Книга первая. Стефен Орри.
Глава VII.

Заявление о нарушении
авторских прав
Автор:Кейн Х., год: 1890
Категория:Роман

Оригинал этого текста в старой орфографии. Ниже предоставлен автоматический перевод текста в новую орфографию. Оригинал можно посмотреть по ссылке: Заложник. Книга первая. Стефен Орри. Глава VII. (старая орфография)



Предыдущая страницаОглавлениеСледующая страница

VII.

Не для одного только Стефена имела важное значение перемена в жизни малютки Михаила Кудрявчика: его усыновление повлекло за собою большие перемены в семейных условиях Адама Фэрбрезера.

Двадцать четыре года прожил он со своей женою, женщиной резкой и своевольной, в наружном согласии, умея уступать ей в мелочах и мириться с шероховатостями её довольно сухого нрава. Её энергии он был отчасти обязан тем, что был избран в вице-губернаторы; она съумела отчасти убедит его, что это даже полезно для его же детей, и он подчинился необходимости оставить свое любимое независимое занятие - земледелие. Руфь также иногда поступалась кое-какими мелочами, чтобы не нарушать домашняго мира, но такого безобразия, такого потворства лентяям и гнусным бабам, как усыновление ребенка из этой среды, зараженной пороком, - она не могла и не хотела снести! Внутренняя рознь между Адамом и его женою обозначилась теперь резко и определенно и уже не проходила до конца их жизни.

* * *

Между тем малютка Кудрявчик сжился с новой обстановкой и в один год изменился к лучшему до неузнаваемости. Он располнел, оживился; счастливое выражение не сходило с его свежого, чрезвычайно привлекательного личика; он с утра до вечера прыгал по всему дому и щебетал, как птичка; его ласка очаровывала всех, и даже враждебно настроенная м-сс Фэрбрезер не могла оставаться совершенно равнодушной к ней.

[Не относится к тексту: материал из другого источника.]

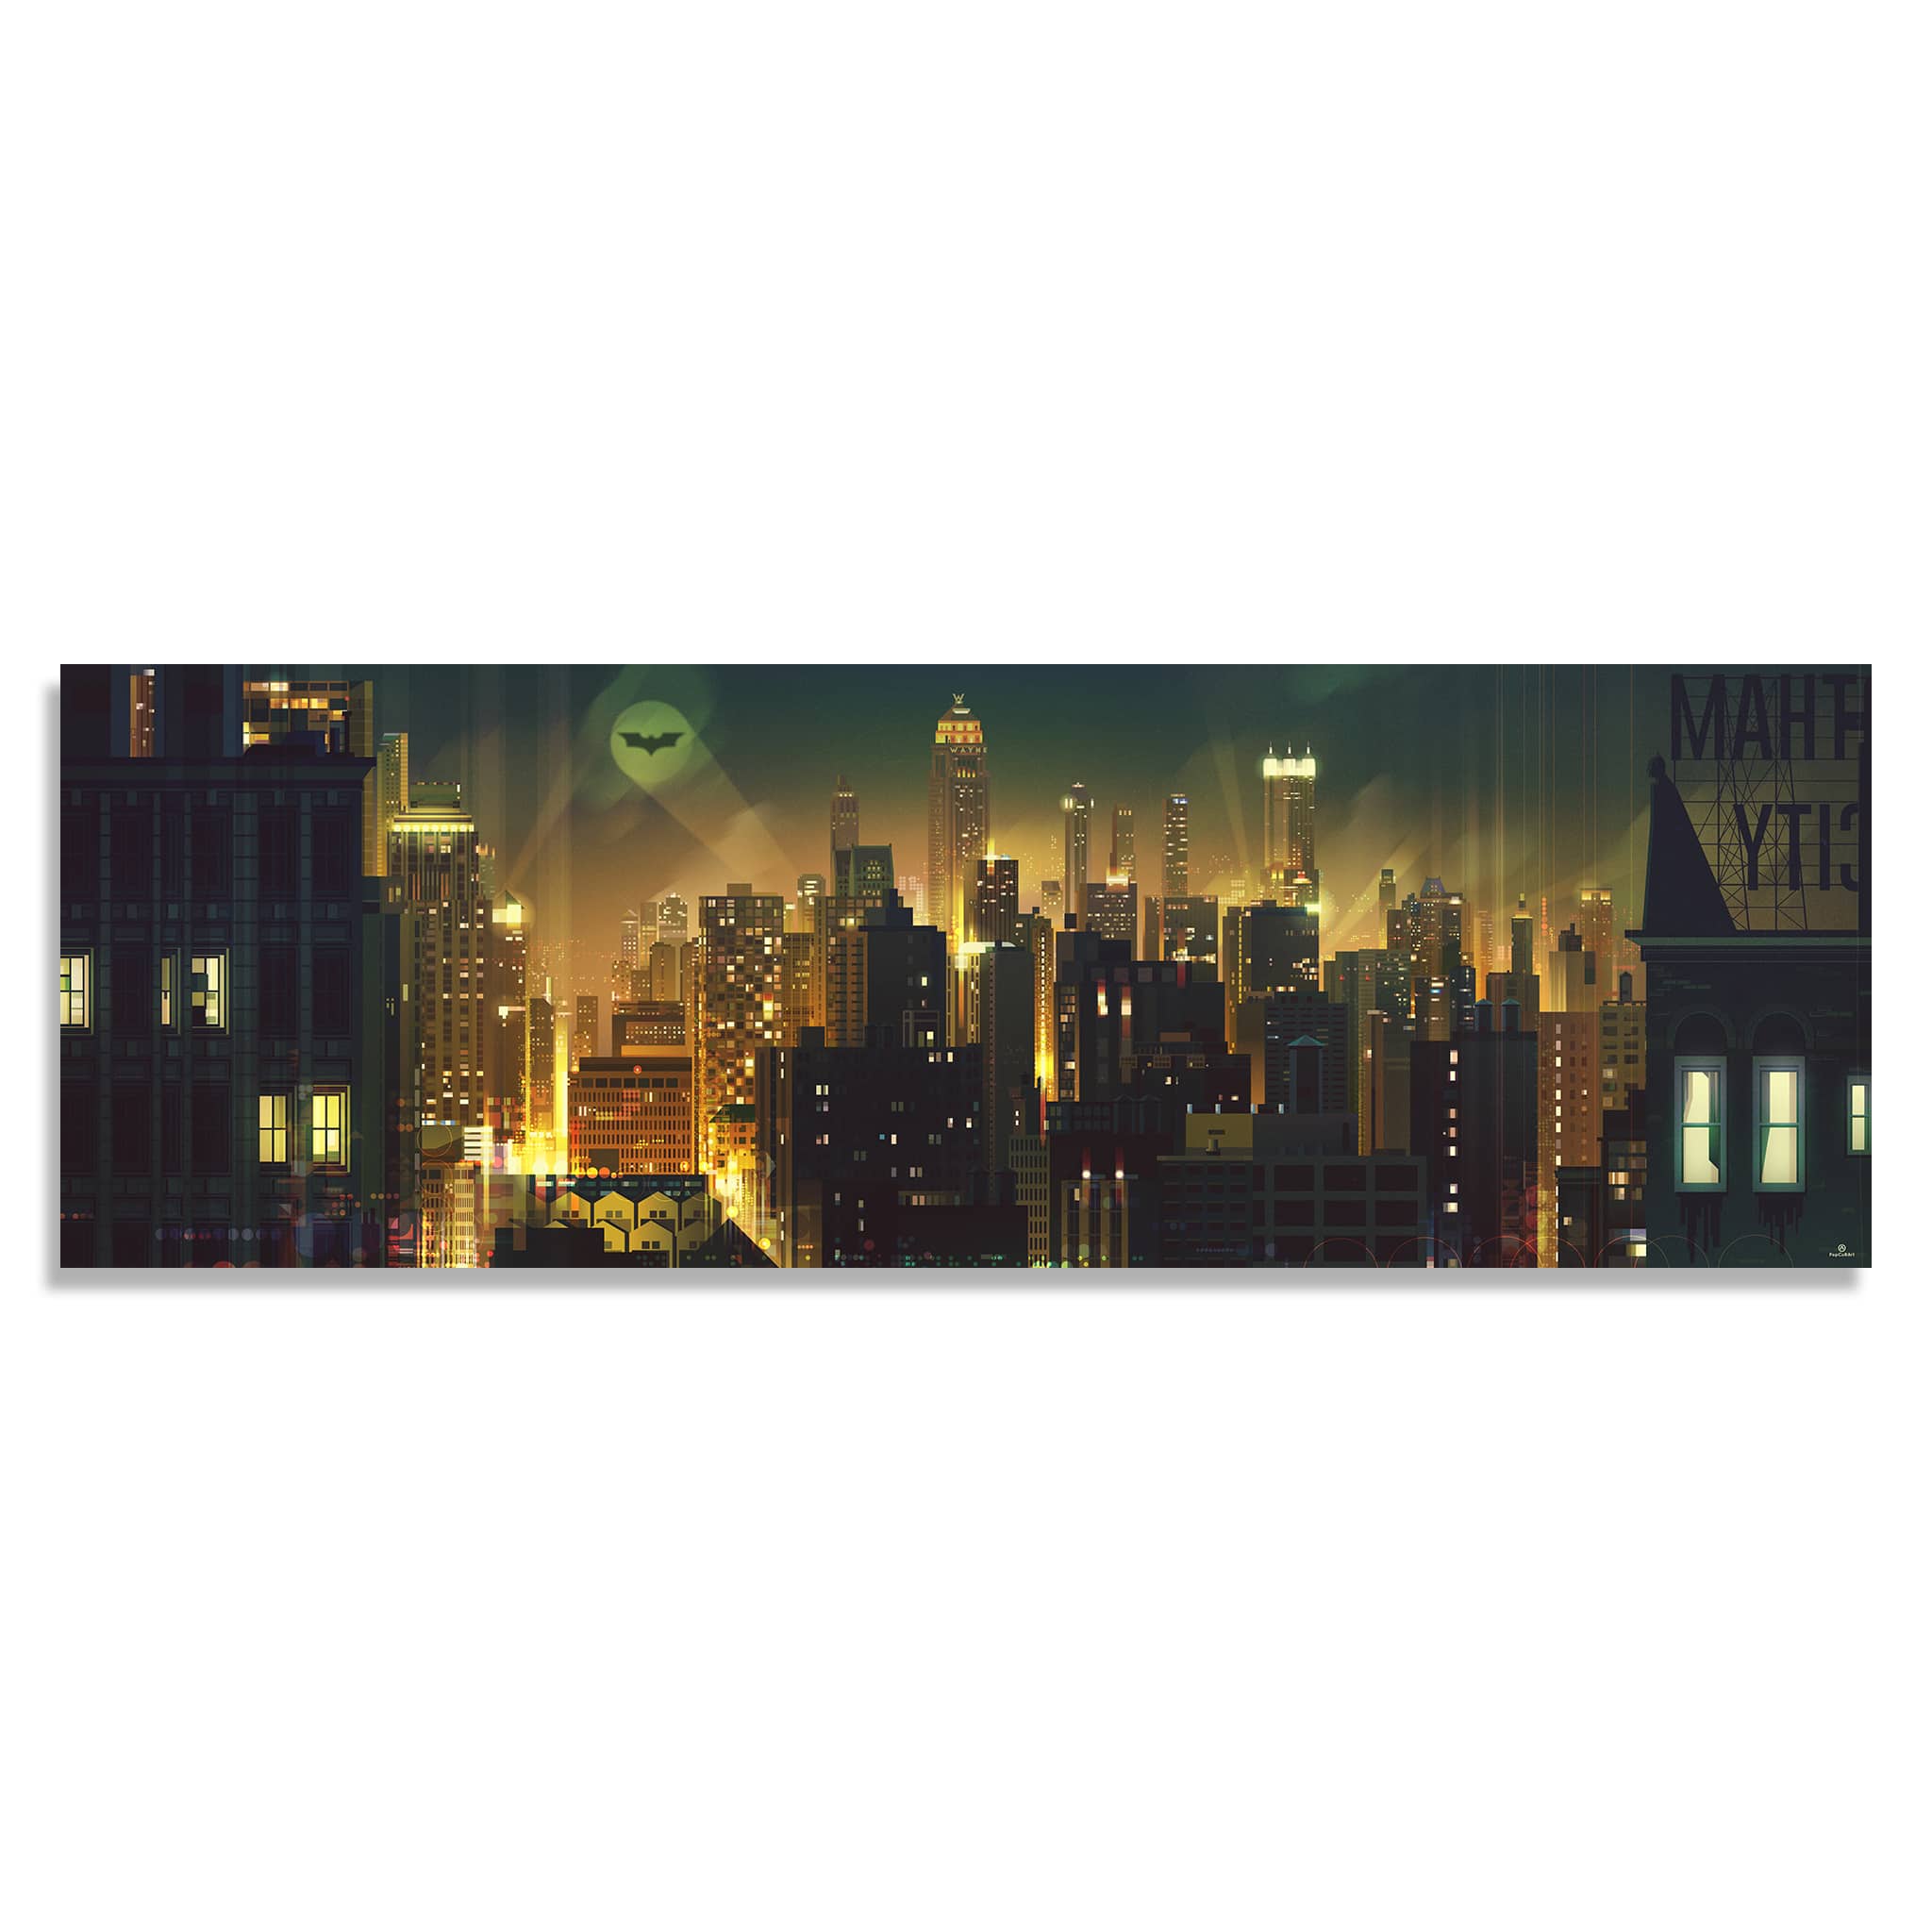 Gotham (Original) by James Gilleard | PopCultArt

Прошел еще год, прошел и другой. Дети подростали, и уже с такого нежного возраста стала заметна разница в их нравах и наклонностях. Гриба была женщиной в миниатюре: быстрая, требовательная, тщеславная и впечатлительная. Михаил, мальчик положительного и самоотверженного характера, был кроток и терпелив; но иногда у него, как у настоящого мужчины, прорывались вспышки неудержимого гнева.

Минул еще год - и маленьким друзьям пришлось разстаться. Герцогиня, однажды на прогулке, обратила внимание на смуглую красавицу-девочку, гонявшуюся за бабочками на лугу, при дороге. Она загляделась на здоровое, оживленное личико Грибы, на её быстрые движения, полные силы и веселья, и ей пришло за ум, что эта малютка была бы хорошей и полезной подругой её собственной крошке, бледненькой, хилой и вялой в своих одиноких играх и забавах. И в самом деле: не пара же восьмилетней герцогине её старушка-гувернантка!

Несколько дней спустя, герцогиня Этольская посетила губернаторский дом; она особенно обласкала Грибу и подарила ей чудную светлую шляпу с пышным и длинным пером. И в этот раз (как прежде самому герцогу) Адам наотрез отвечал отказом на предложение герцогини увезти в себе его малютвудочь. Но, как и тогда, практическия соображения и увещания жены сделали свое дело. Скрепя сердце, он дал свое согласие; но что испытывало его бедное сердце, когда он говорил об этом с дочерью, и передать трудно!

- А что, деточка моя, Гриба, очень бы ты хотела видеть Лондон? - спросил он девочку, которая вся ликовала от восторга.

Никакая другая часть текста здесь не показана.